Just like with children, a few precautions can keep our pets safe and our houses clean.

  • Keep medications out of your pets reach.
  • Go through medications and properly dispose of those that are expired. Visit this link for a location near you: http://www.centralsan.org/documents/Pharmaceutical_Disposal_Brochure.pdf
  • Use non-toxic cleaners – everyone in your house will appreciate the breath of fresh air. There are many inexpensive, easy-to-use natural alternatives which can safely be used in place of commercial household products. Here is a list of common, environmentally safe products which can be used alone or in combination for many household applications.
  • Baking Soda – cleans, deodorizes, softens water, scours.
  • Soap – unscented soap in liquid form, flakes, powders or bars is biodegradable and will clean just about anything. Avoid using soaps which contain petroleum distillates.
  • Lemon – one of the strongest food-acids, effective against most household bacteria.
  • Borax – (sodium borate) cleans, deodorizes, disinfects, softens water, cleans wallpaper, painted walls and floors.
  • White Vinegar – cuts grease, removes mildew, odors, some stains and wax build-up.
  • Washing Soda – or SAL Soda is sodium carbonate decahydrate, a mineral. Washing soda cuts grease, removes stains, softens water, cleans wall, tiles, sinks and tubs. Use care, as washing soda can irritate mucous membranes. Do not use on aluminum.
  • Isopropyl Alcohol – is an excellent disinfectant.
  • Cornstarch – can be used to clean windows, polish furniture, shampoo carpets and rugs.
  • Citrus Solvent – cleans paint brushes, oil and grease, some stains. (Citrus solvent may cause skin, lung or eye irritations for people with multiple chemical sensitivities.)
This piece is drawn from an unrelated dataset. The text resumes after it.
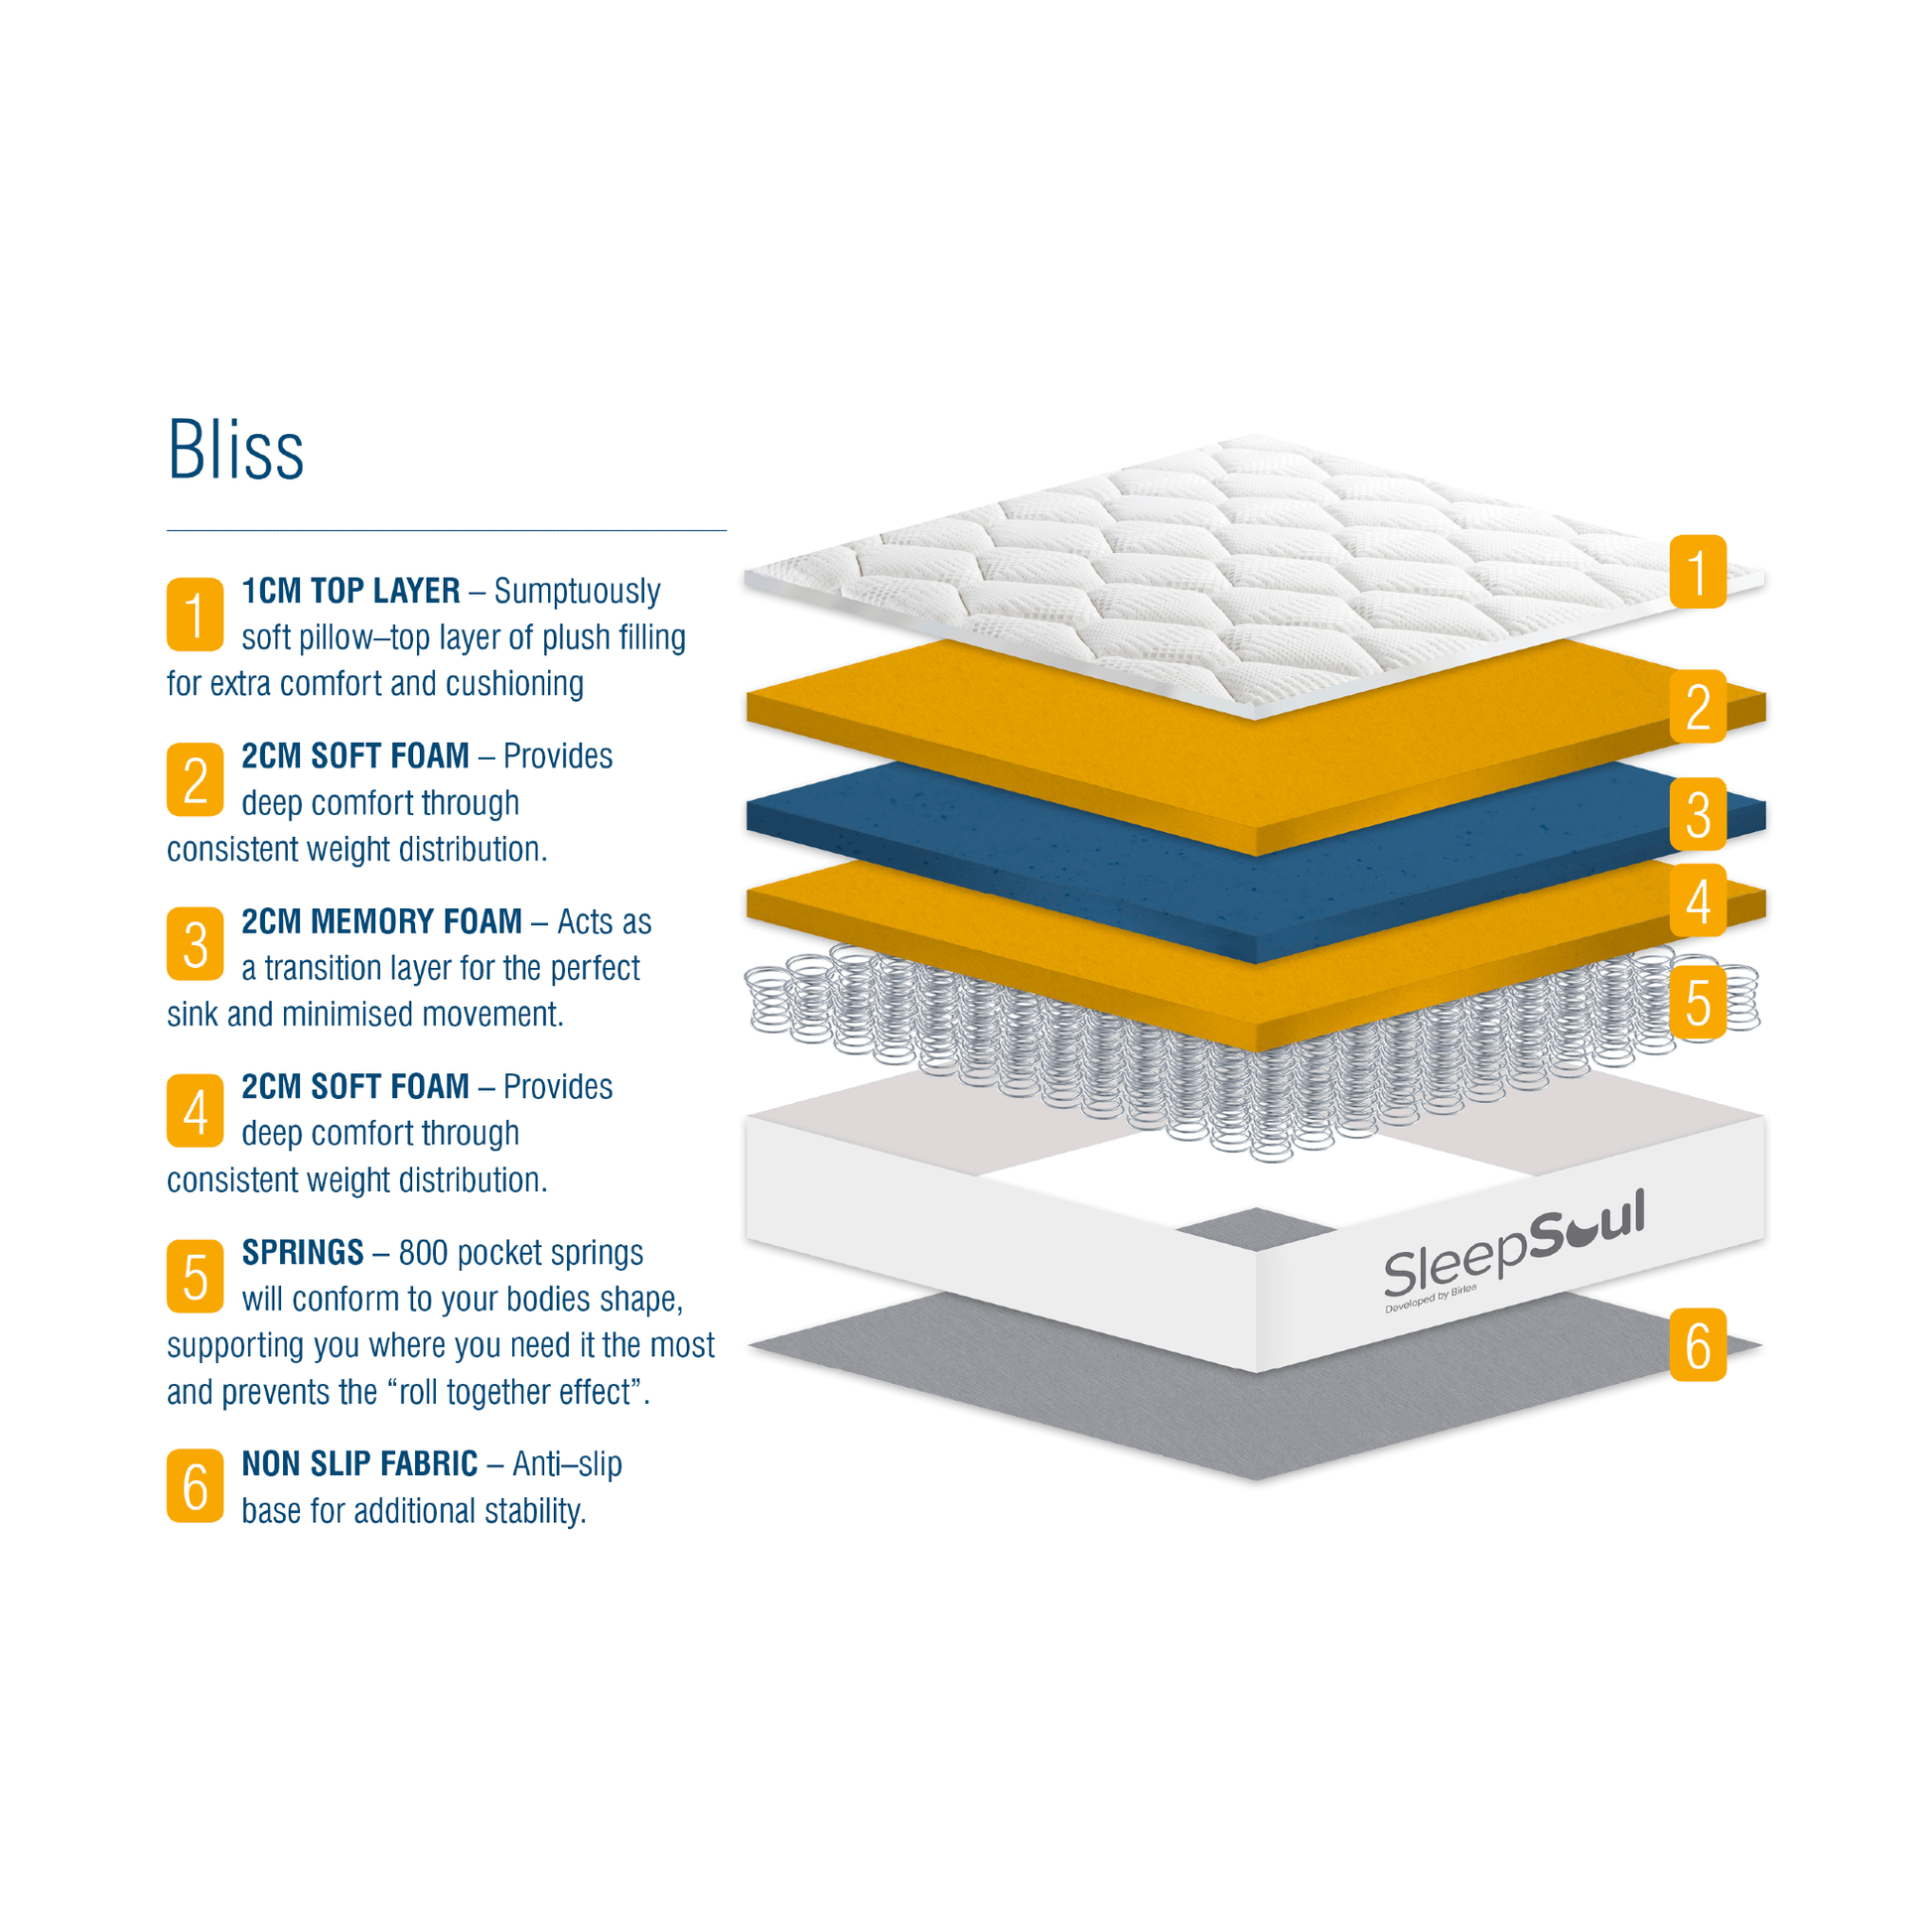 SleepSoul bliss 800 pocket spring and memory foam pillow top mattress diagram

Better Homes is one site that provides green, non-toxic recipes, but there are many more.   https://www.bhg.com/homekeeping/house-cleaning/cleaning-products-tools/homemade-cleaners/

The rain has stopped and the sun is shining – everyone is ready to get outside.  Put these items on your “To Do” list and have a worry free season.

*Mow that lush tall grass.  Stop the foxtails before they start.

* Keeping grass mowed, weeds pulled and bushes trimmed to help eliminate hiding places used by ticks and other pests.

* Use caution when purchasing lawn and garden products, always read the labels (even if you used a particular product in the past, since formulas often change), and consider switching to natural alternatives. Harmful herbicides are linked to cancer and other maladies in dogs and humans.

* Pet paws are often irritated by lawn and garden chemicals, and pets can get very ill from inhaling or ingesting chemicals. Chemicals are often ingested when the pet licks his paws and fur after a walk outside.  Keep pets away from treated areas until the treatments have dried completely. Watering the lawn after application of fertilizers and other lawn care products is necessary with many products. Watering before allowing pets or children on any treated lawn is typically a good idea because it can help break down the chemicals.

* Snail, slug and mouse baits can be deadly to pets. Ant and roach bait and traps are also hazardous. So keep pets off treated lawns and wipe paws after each walk.

* Store lawn and other potentially poisonous products in areas inaccessible to your pets.

* Cocoa bean mulch is hazardous to pets. Its smell and taste is very appealing to them, yet it can be deadly because it contains theobromine. Avoid using it on lawns that pets can access.

* Try to keep dogs from ingesting a lot of grass. And if there’s a chance that chemicals were applied to, or have blown onto, the grass, keep pets away from it.

* Some mushroom species and cycads (such as Sago palms) can cause liver failure. Heavy rains lead to mushroom growth and an increase in poisonings, so rid mushrooms from your yard and watch out for them on walks.

* Beware of fungus growth. There is risk of blastomycosis, which can lead to pneumonia-like symptoms and potentially fatal organ damage in dogs. Blastomycosis thrives as mold spores in soil.

*Mosquito larva grows in stagnant water, and mosquitos are the vector for heartworm disease.  Empty any container that you notice with standing water.

* A good, fairly safe way to keep mosquitoes away is to spray your yard weekly with Simple Green, available at home and garden stores.